Depending on what your objectives are, you probably want to tell a story that resonates with your ideal customer or reader. If this story is not real to you, then it would probably bounce off your readers.
One of the major selling points for a lot of students and clients in the Write With Flair program is their passion. Writers are passionate people. This is why learning how to express this passion is such a big deal for a lot of writers. Everyone has something they are passionate about. This is good.
“A story that you feel nothing for, can never win out there.”Damilola Jonathan Oladeji
In fact, to tell a great story, you must believe that your stories are just as important as any other person’s story. It’s not a competition or anything but feeling deeply about a story helps you find your flow and gives you the confidence to promote that story.
However, the problem most times is not just a lack of faith. Most people think they have had great experiences that can become great stories. The real problem is that they have not found an effective way to share their story without making it sound ordinary.
This leads to some obstacles that writers commonly struggle with.
3 Big Obstacles to Writing Great Stories:
Before we talk about what can help you write great stories. Let’s talk about a few common obstacles to writing. You might immediately think we are about to talk about “fear”. True, fear is a big factor but it’s not the biggest. There are 3 other struggles that hinder great storytelling.
- Lack of time.
- A struggle to find expression, looking for a muse.
- Comparison. Getting stuck on other people’s stories that you find yours too ordinary.
A lot of people are told that you have to have a lot of time on your hands to write. That’s a lie! Another fat lie is that you need to have a muse that comes from the moon. Nobody’s story comes in a fancy package. Life never happens to anyone in slow motion. This means that the time we have to capture all our experiences is just too short for the details to be adequately retained.
Thirdly, you really don’t have so much time to compare your story, style or quality with others. This bad writing habit might lead you to stall on your work and even on your growth.
However, being a professional writer means that you cannot always rely on having a specific muse.
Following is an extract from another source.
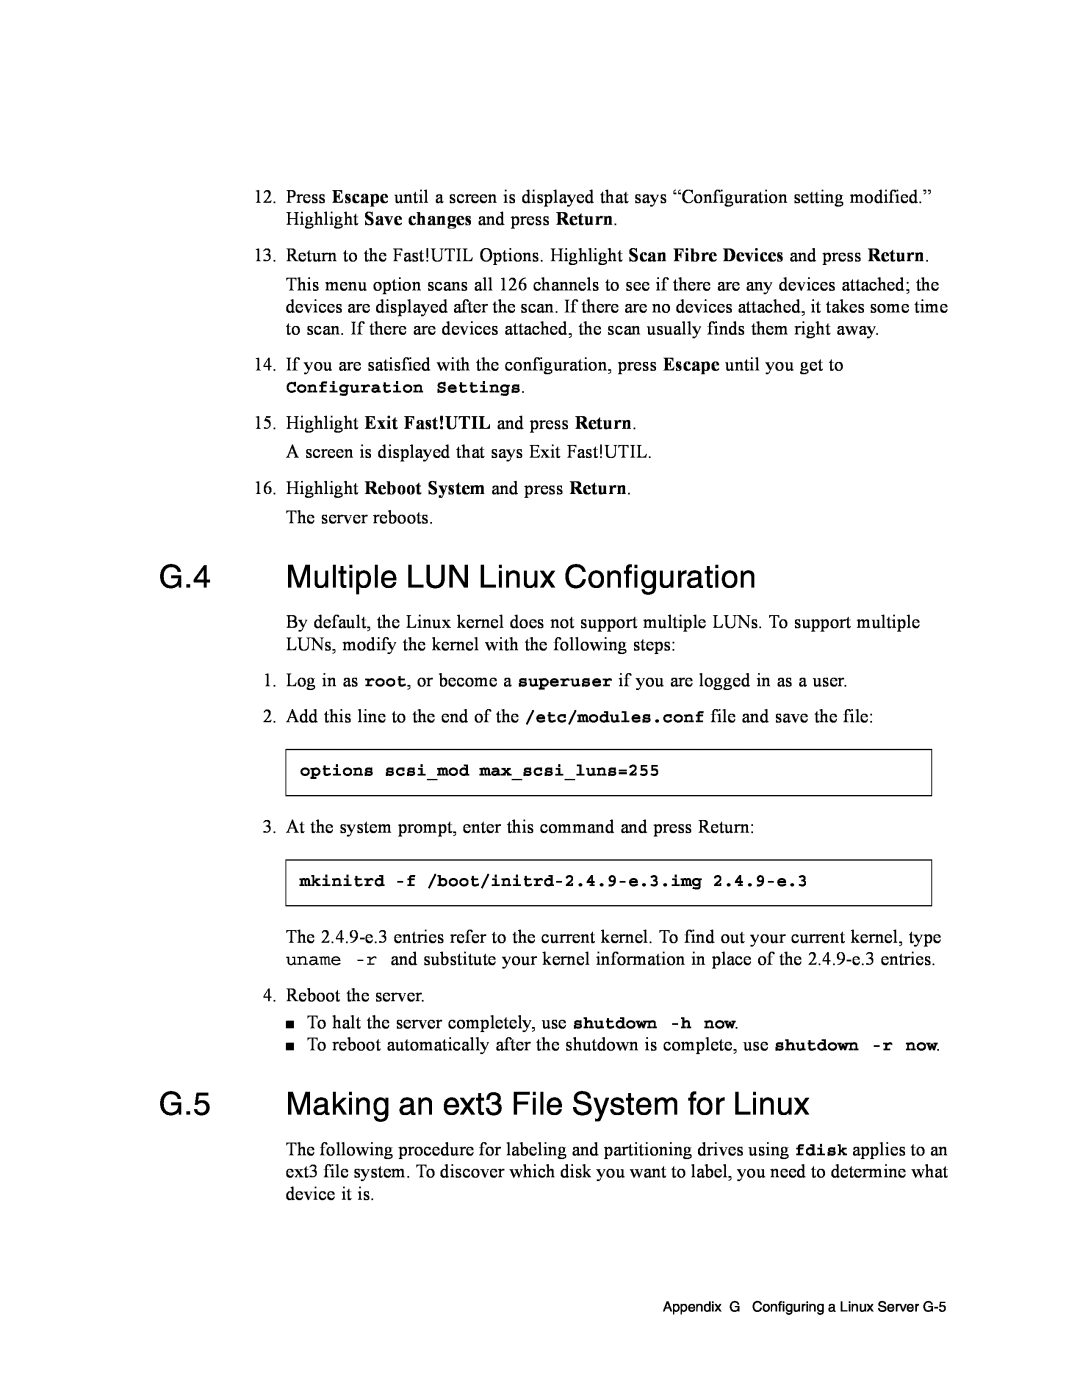 Dot Hill Systems II 200 FC service manual G.4 Multiple LUN Linux Configuration, G.5 Making an ext3 File System for Linux 
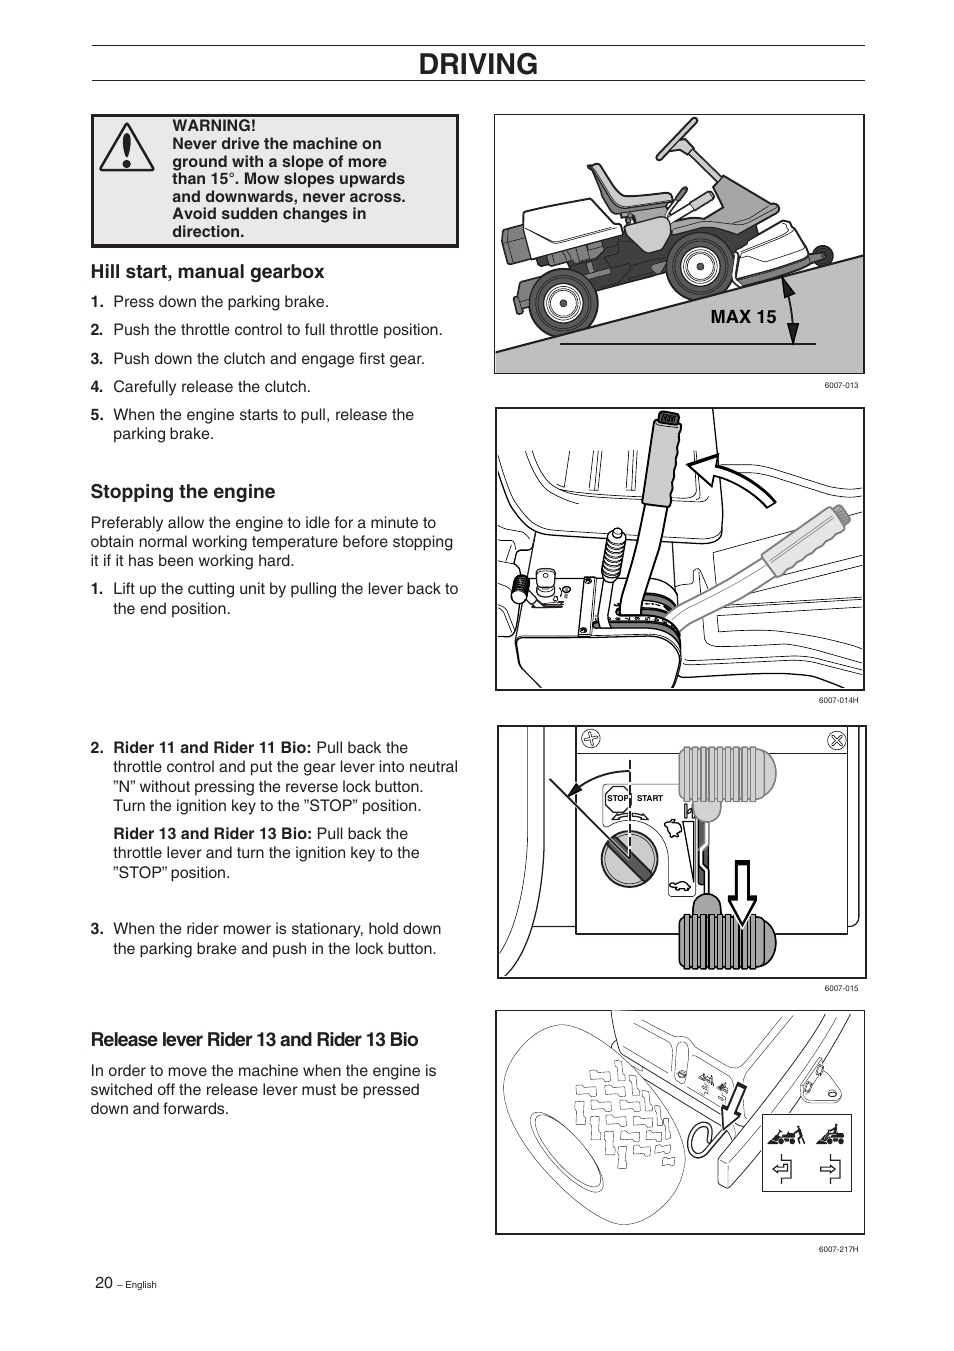 Driving, Release lever rider 13 and rider 13 bio, Hill start, manual  gearbox | Husqvarna Rider 11 User Manual | Page 22 / 52 | Original mode

What you can, however, rely on, is the power of emotions. There’s nothing more effective than an emotional story. People want to connect with your stories on an emotional level.
Eventually, all that really matters is how you make your readers feel. This also means you can easily tap into your memories by remembering how you felt in a situation.
This is why I have chosen to describe a few emotions you might find in a lot of your experiences. By tapping into these emotions, you are likely to tell a convincing story that sells an idea, brand, product or service.
7 Emotions that Can Help You Write Great Stories Include:
1. Sadness: This is quite common for a lot of writers. If you just had a really sad experience, channel the emotions into writing.
2. Excitement: When you have received exciting news, it’s usually a perfect time to let your muse take the wheels.
3. Loneliness: A lot of writers find their muse when there’s no one available to rely on. It feels like a deep gaping hole in your chest. Tears and words may tumble out.
4. Anxiety: Sometimes you may be waiting for some result, or you are just anxious about life. Think about how that makes you feel.
5. Fear: Writing out of fear may not always present a beautiful portrait. However, it might surprise you.
6. Boredom: Your mind cannot just settle on anything specific. The day has become so typical that you just want to tap into some different world than the present boring one you are in.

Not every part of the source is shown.